> [Information shown]:
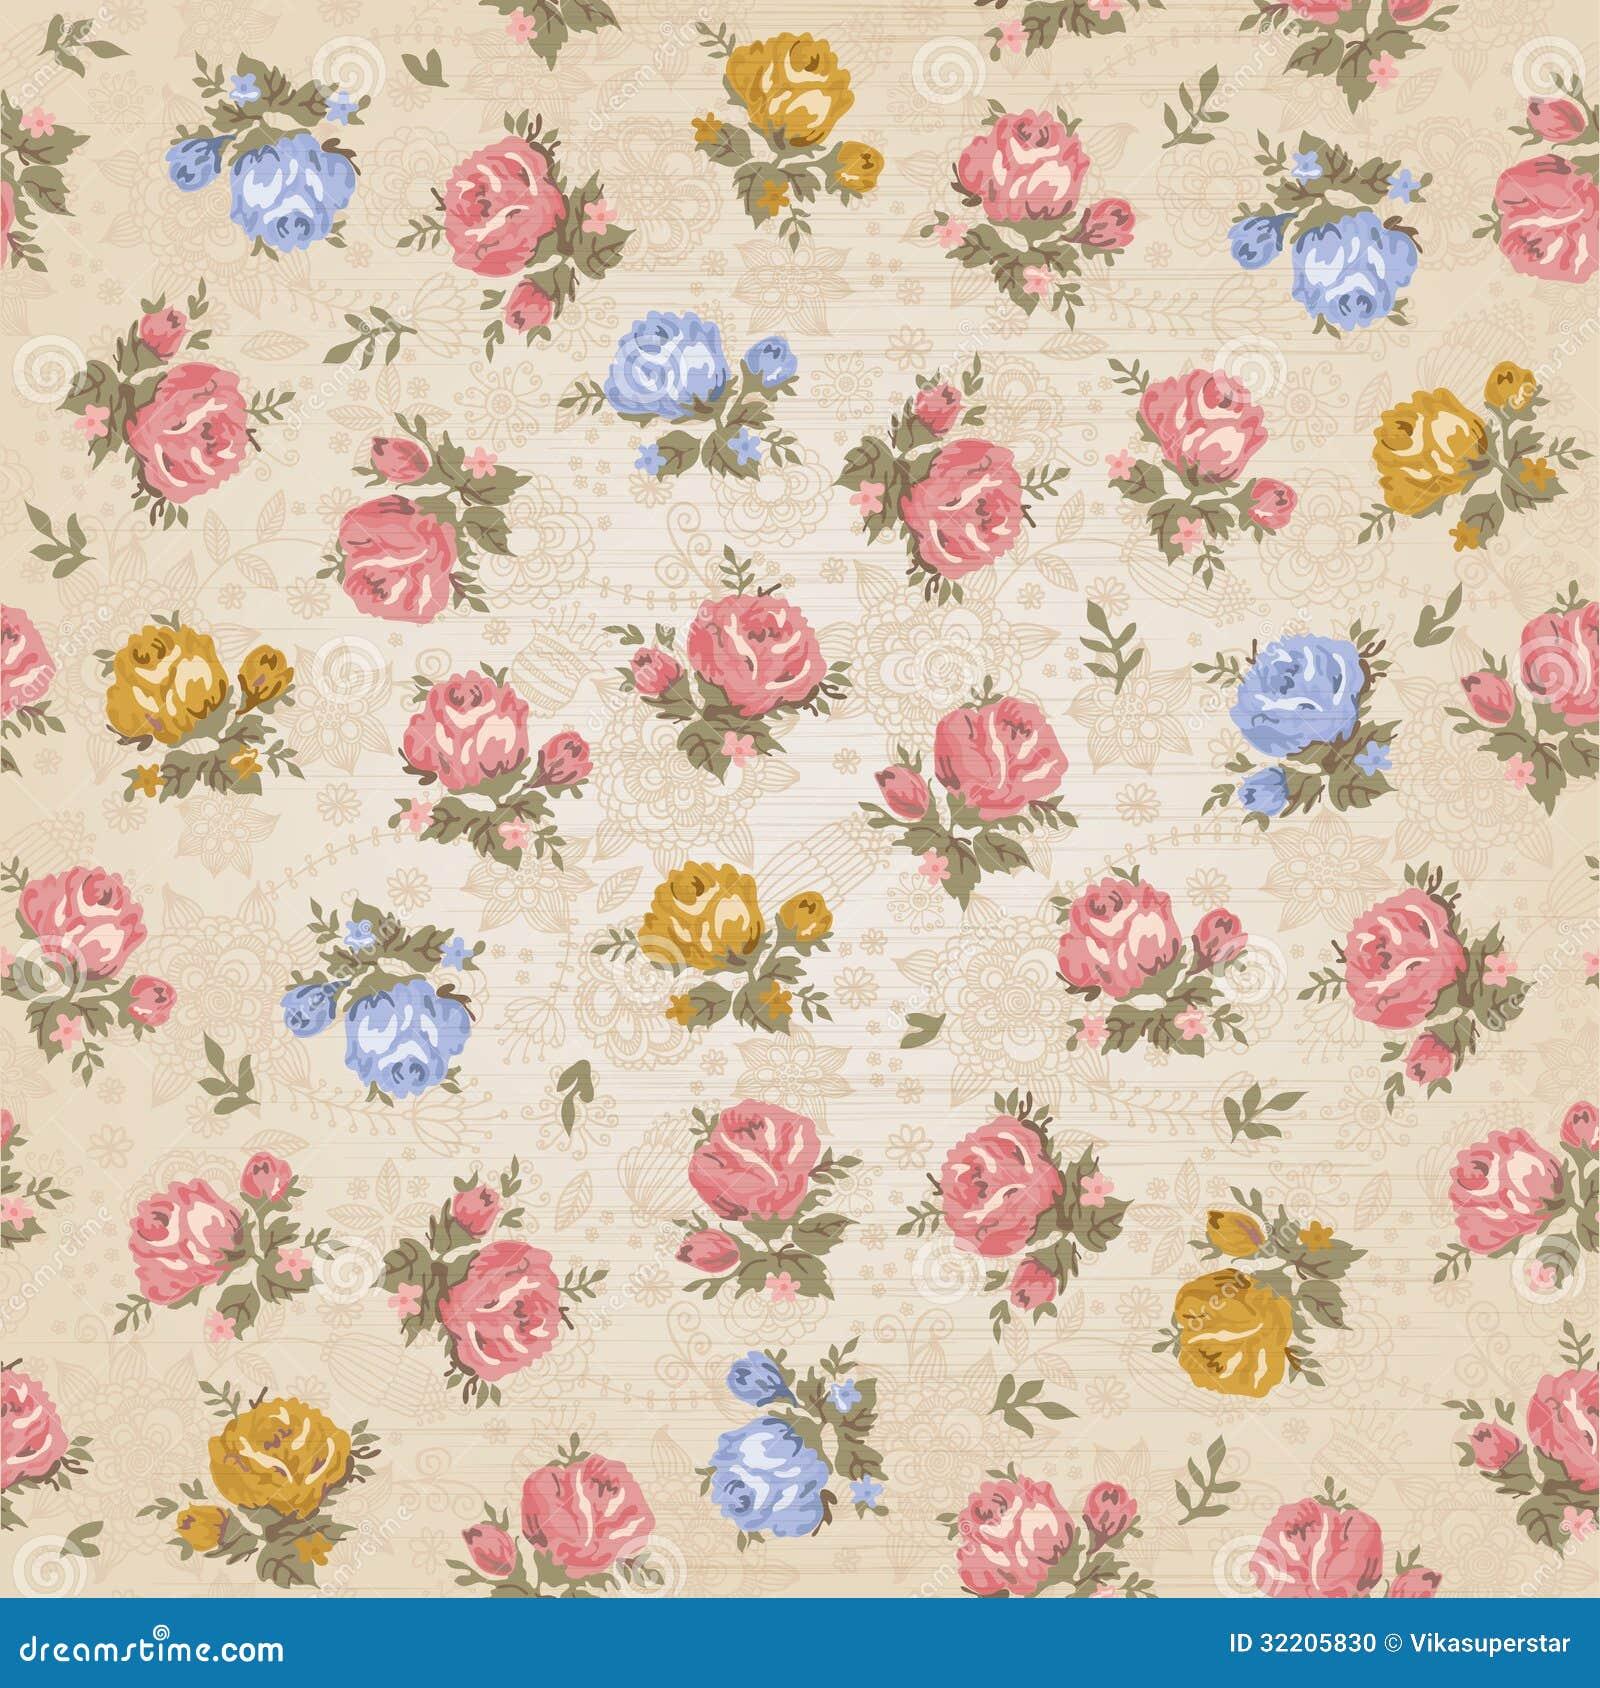 Gold color flower wallpaper
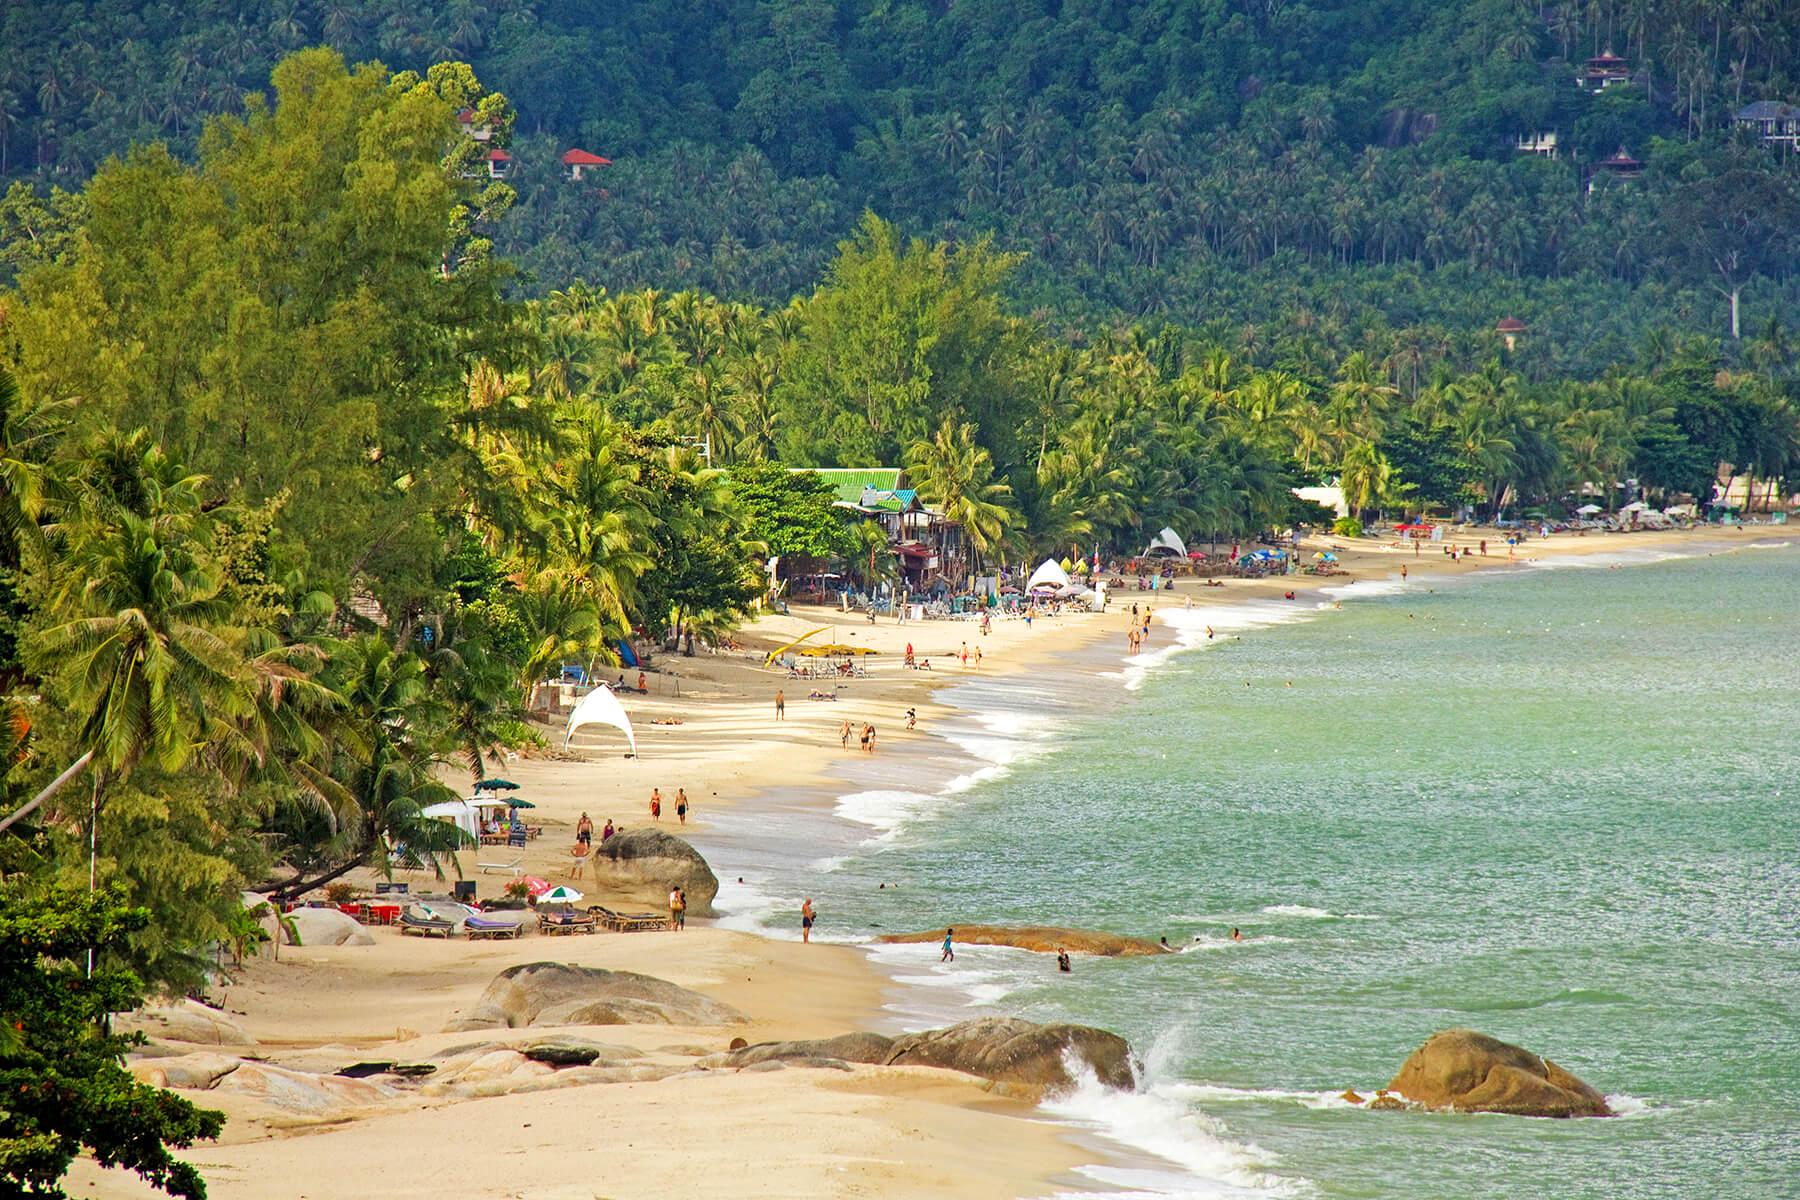 Stranden Op Koh Samui Reistips En
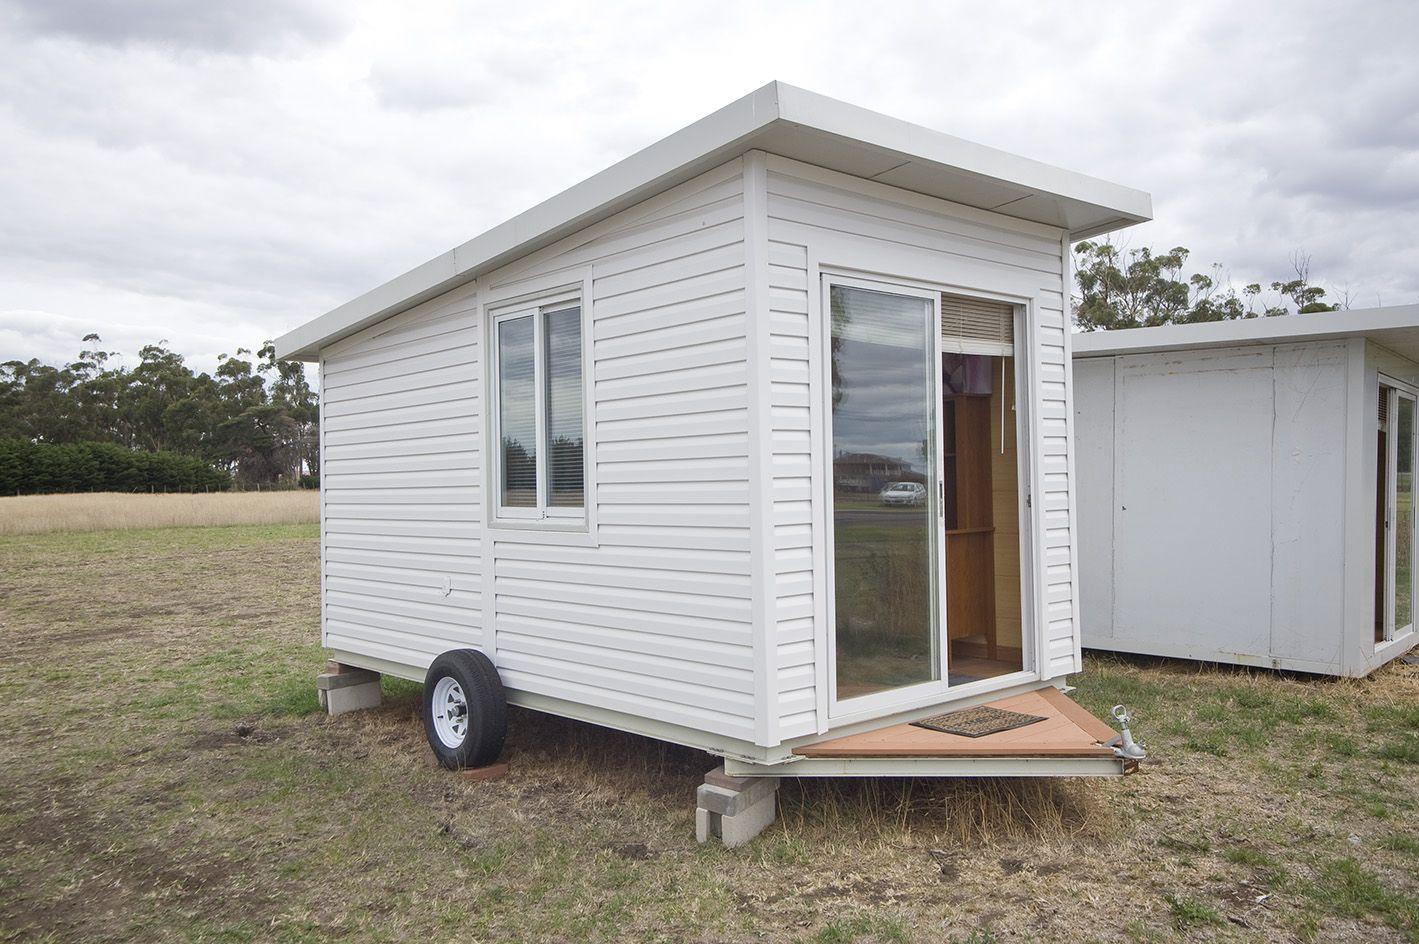 Pre Fab Home Mobile Luxury Prefabricated Tiny House Trailer On Wheels Tiny House Trailer Prefab Homes Diy Tiny House
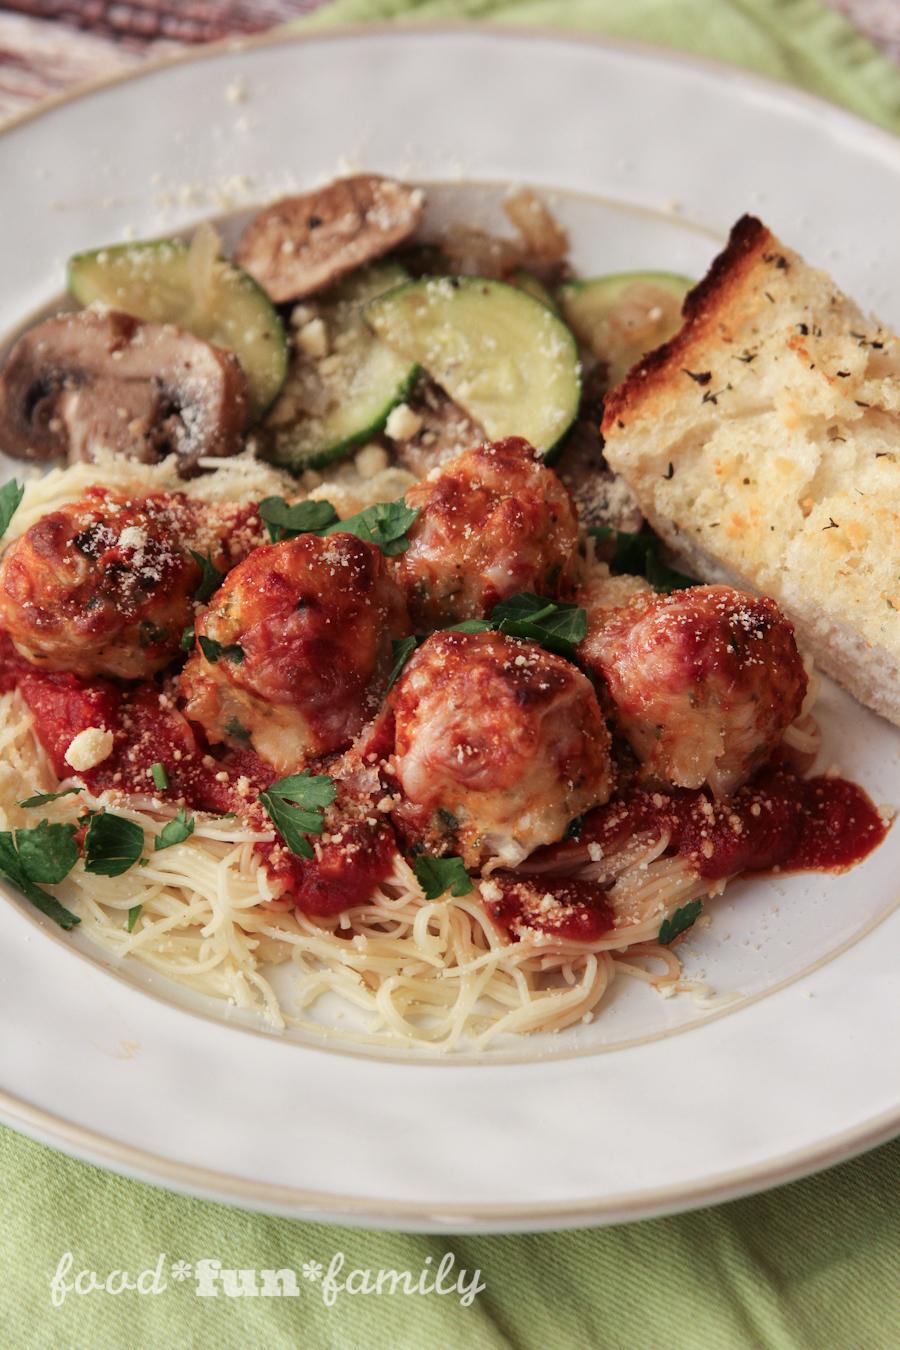 http://foodfunfamily.com/wp-content/uploads/2016/08/Chicken-Parmesan-Meatballs-11.jpg

> [Work task]: Write the material out again exactly. Skip each picture.

> [Result below]:
 Gold color flower wallpaper
 Stranden Op Koh Samui Reistips En
 Pre Fab Home Mobile Luxury Prefabricated Tiny House Trailer On Wheels Tiny House Trailer Prefab Homes Diy Tiny House
 http://foodfunfamily.com/wp-content/uploads/2016/08/Chicken-Parmesan-Meatballs-11.jpg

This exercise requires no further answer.